The base checkpoint covers English and Mandarin and supports code-switching within a single utterance, because the Emilia corpus contains both languages and a character-level vocabulary covers both Latin and Chinese scripts.^[2] Community fine-tunes have extended the model to Japanese, Korean, Spanish, Portuguese, Sinhala, Brazilian Portuguese, and several other languages, with corresponding checkpoints listed in the project's SHARED.md registry.^[3]^[5]

Can F5-TTS control speed and emotion?

By choosing the length of the output mel sequence, the user can directly control the speaking rate. The demo page reports stable behavior between 0.7x and 1.3x of the natural speed implied by character count.^[8] Emotion is inherited from the reference clip; a clip in a sad register tends to bias the synthesis toward similarly emotive prosody without any explicit emotion conditioning input.^[8]

What hardware does F5-TTS need?

The model can run on consumer GPUs. Independent benchmarks measured a peak GPU memory of about 2,994 MB for F5-TTS at 32 NFE inference, which is lower than most diffusion-based zero-shot TTS systems and competitive with several smaller models.^[12] Apple Silicon support is provided by the f5-tts-mlx port, which runs entirely on the Metal Performance Shaders backend.^[9] Triton and TensorRT-LLM deployment recipes are included in the official repository.^[3]

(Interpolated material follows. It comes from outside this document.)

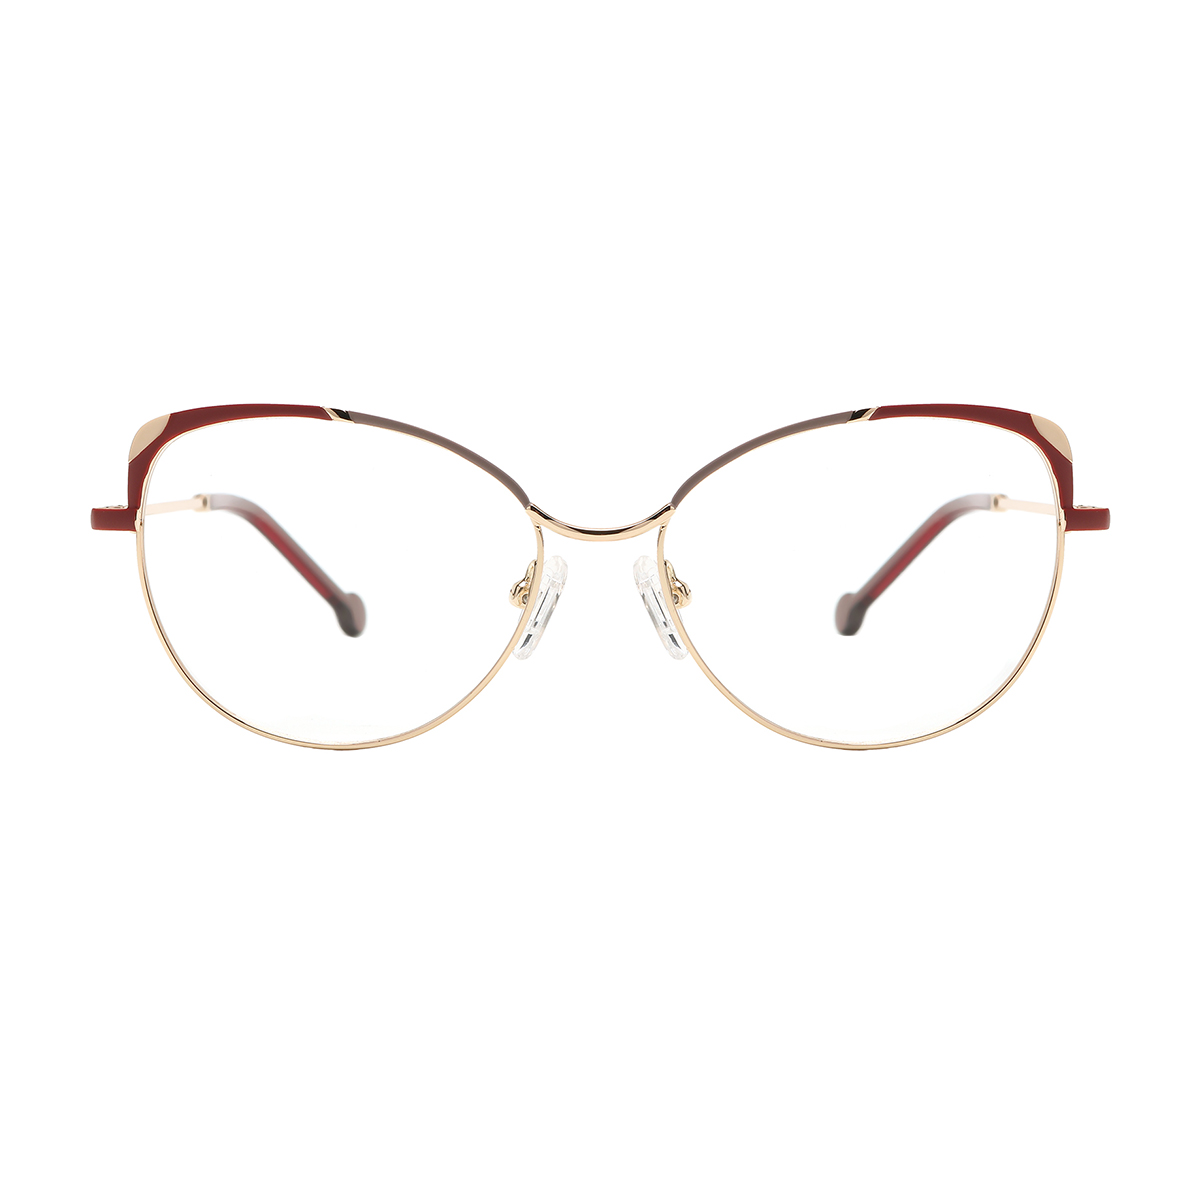 oval gold eyeglasses
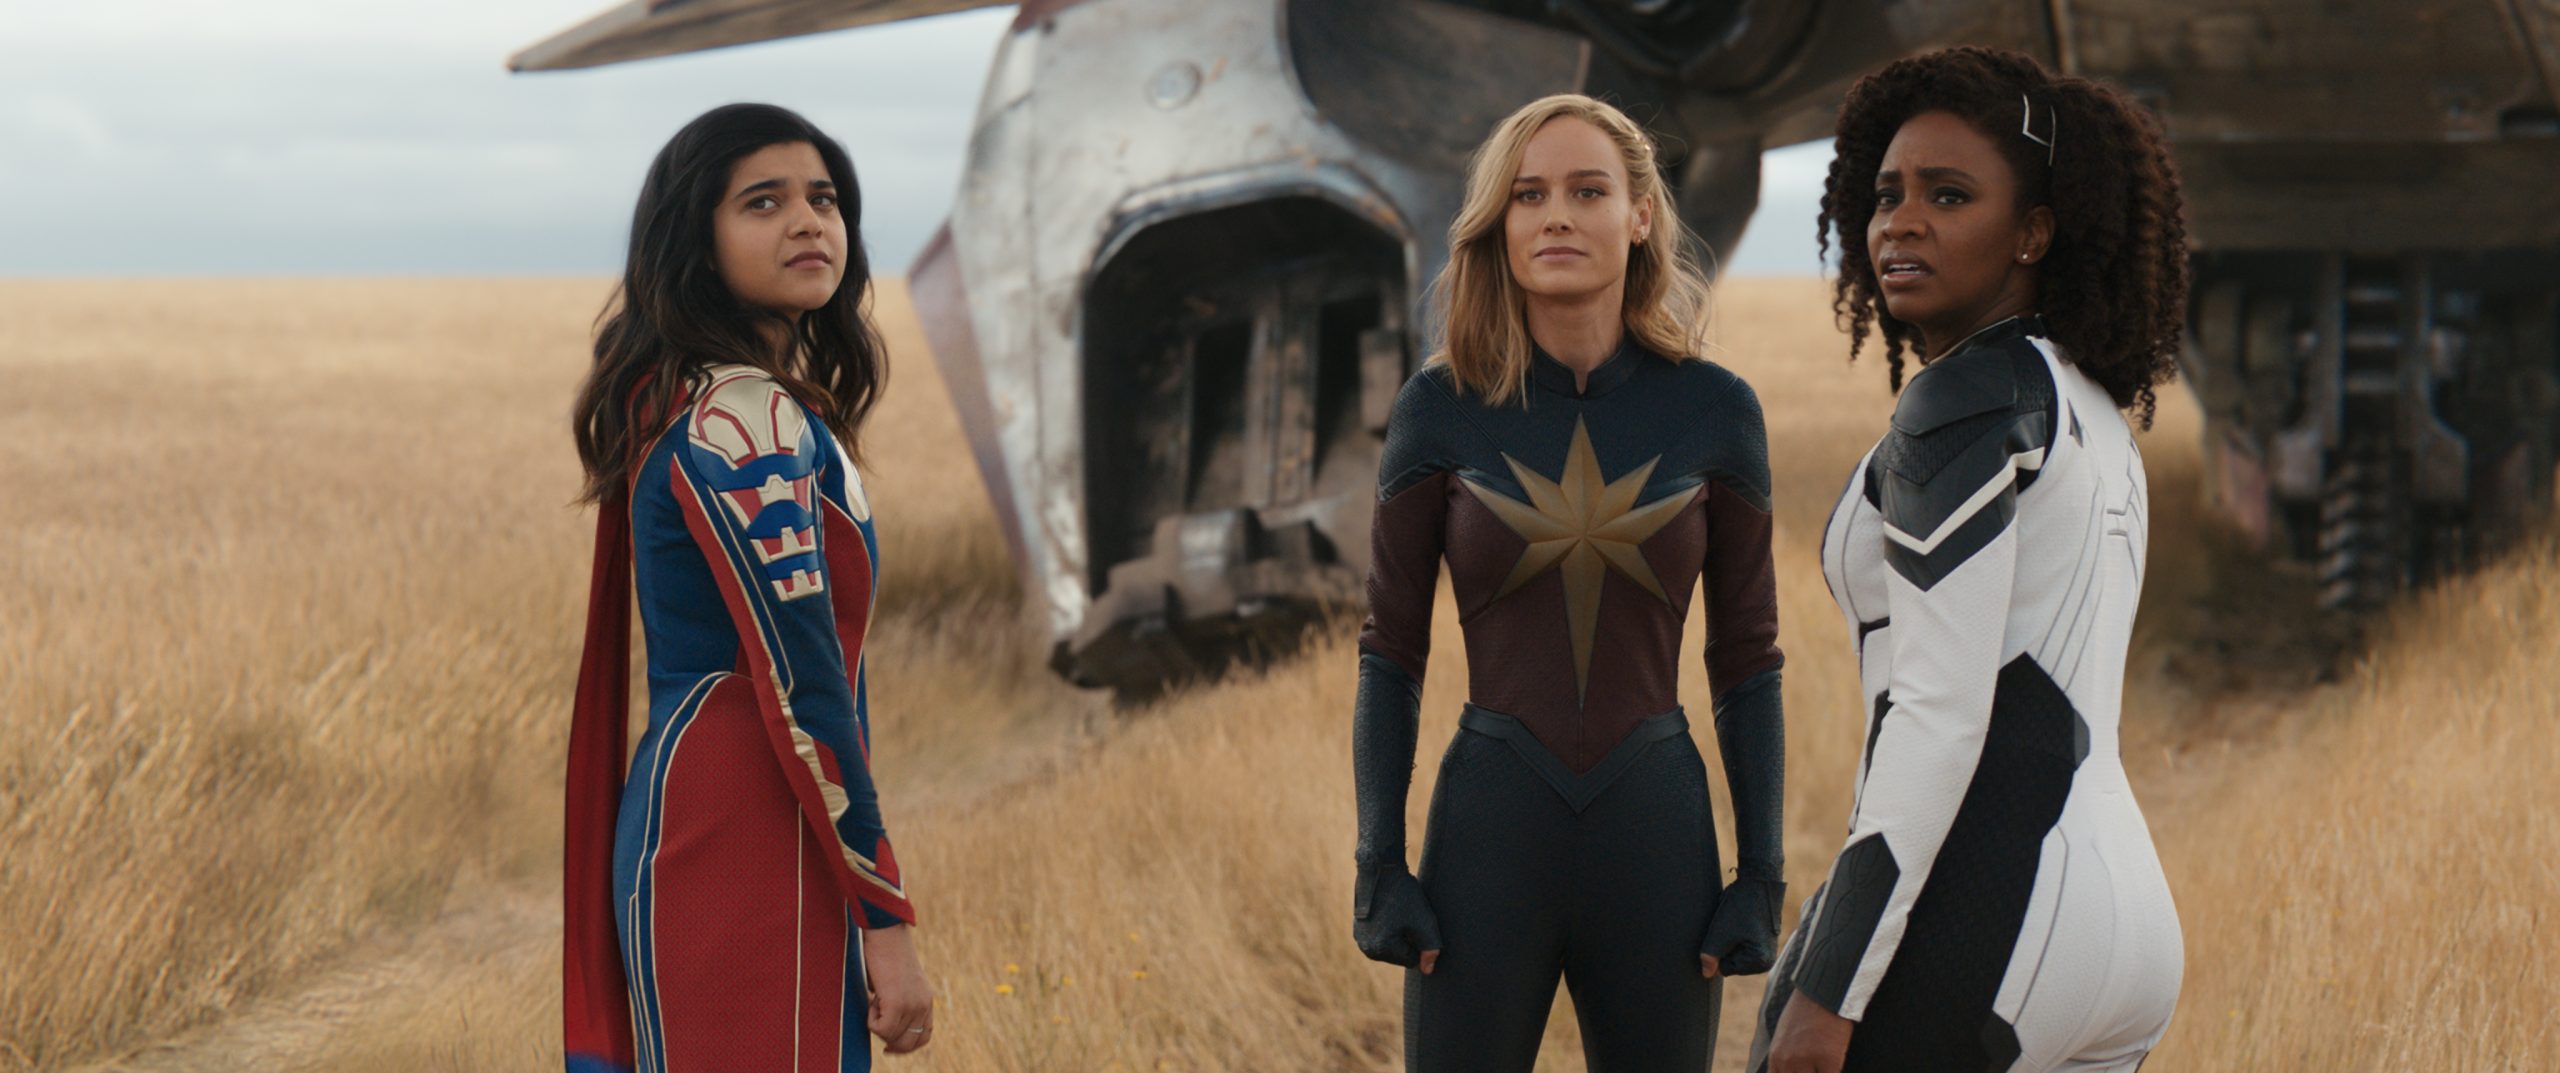 Ms. Marvel' Fans on Reddit Figured Out if Brie Larson's Captain

How does F5-TTS perform on benchmarks?

Table 1 summarizes the headline numbers from the F5-TTS paper, evaluated on the LibriSpeech-PC test-clean continuation subset and the Seed-TTS English and Chinese test sets.^[2] Reported metrics are word error rate (WER) from an ASR model on the synthesized speech, speaker similarity (SIM-o) measured by a verification model against the reference, real-time factor (RTF) on an A100, and, where available, comparative mean opinion score (CMOS) judged by listeners.

Test set	System	NFE	WER (%)	SIM-o	RTF
LibriSpeech-PC test-clean	F5-TTS	32	2.42	0.66	0.31
LibriSpeech-PC test-clean	E2 TTS	32	2.95	0.69	0.68
LibriSpeech-PC test-clean	Voicebox	64	2.03	0.64	0.64
Seed-TTS test-en	F5-TTS	32	1.83	0.67	0.31
Seed-TTS test-en	E2 TTS	32	2.19	0.71	0.30

Independent comparisons published in 2025 placed F5-TTS in the top group of open-source TTS systems on a mix of quality, controllability, and resource use. A multi-model survey from Inferless found that F5-TTS and Sesame's csm-1b were the best-rounded performers across synthesized quality and controllability axes, with Zonos-v0.1-transformer distinguishing itself on per-attribute controllability.^[12] The same survey highlighted that F5-TTS's strict non-autoregressive design inherently limits low-latency streaming, while autoregressive systems such as XTTS-v2 can emit a first audio chunk within a few hundred milliseconds.^[12]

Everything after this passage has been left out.